Rather: there is something inherent, deep within us and yet all around us that is vibrantly real, unseen but powerful, a different kind of energy than the ones we can normally detect with our senses. It is that energy that convinced the ancients that God was an overflow of goodness or intellect. It is that energy that causes the little hairs on the back of your neck to stand up when you know, somehow, that you’re not alone in a situation that just a moment ago felt so lonely. It is that energy that somehow is present in a real way in key moments, unspoken and mysterious, but very much there. It is that energy that surges when you do what is right, as if it were to take delight in that very thing, as if there was nothing more important in the whole dazzling universe as that small moment in time, when the sunlight dances on the leaves and you think to yourself: yes, this, all of it, is good. Yet that energy somehow also transcends time and place and feeling, running deeper than mere emotion.
It is that energy that announces the very presence of God.
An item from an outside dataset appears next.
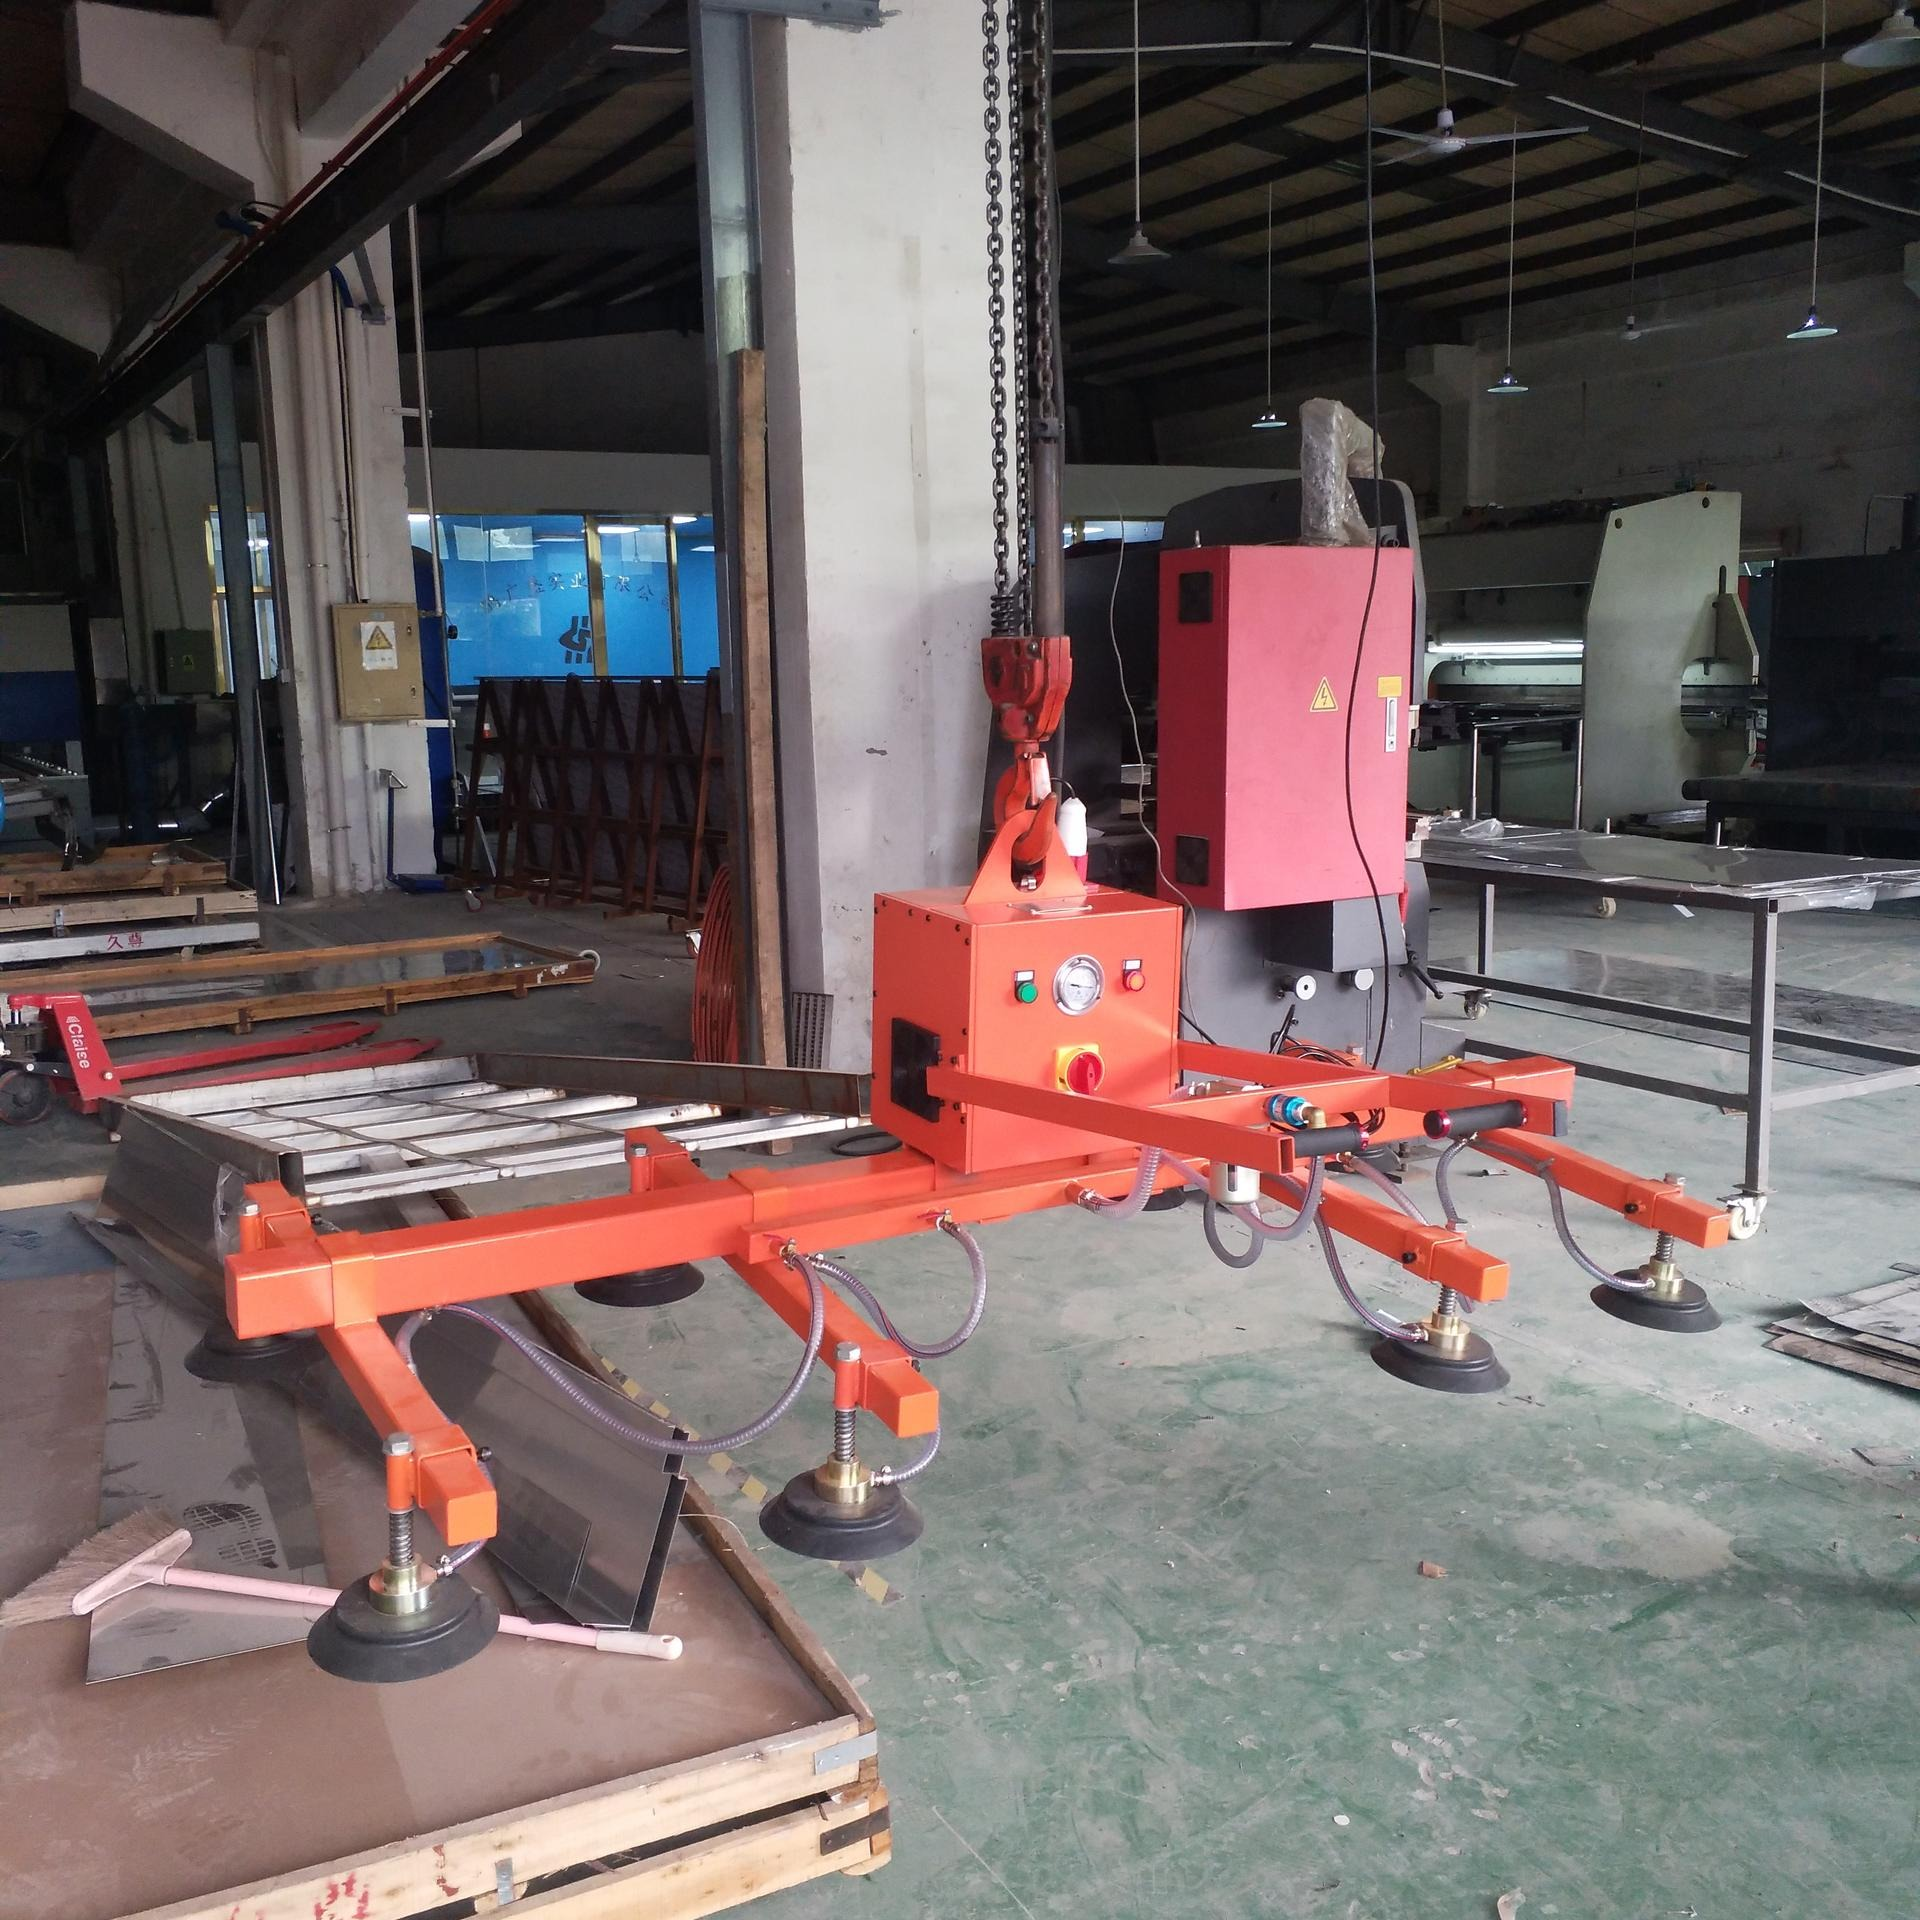 真空吸吊机 轻小型板材吸吊机 激光切割机上料吊具 优克制造XR-J2800

So, yes, we should be rational and investigate precisely how our western lifestyle has contributed to climate change. We should indeed be open to the possibility that this storm has its causes, some of which may be attributed to human activity. We should use our intellects to create methods of coping with these events and methods of preventing the damage and strategies for rebuilding.
But we should also be open to the possibility that we can encounter God, even in the daily mundane world, even in the extremes of catastrophe on a grand scale. Stand still for a moment and listen: God is not in the fire, or the earthquake, or in the hurricane, but in the still small voice, in the quiet murmuring. Listen.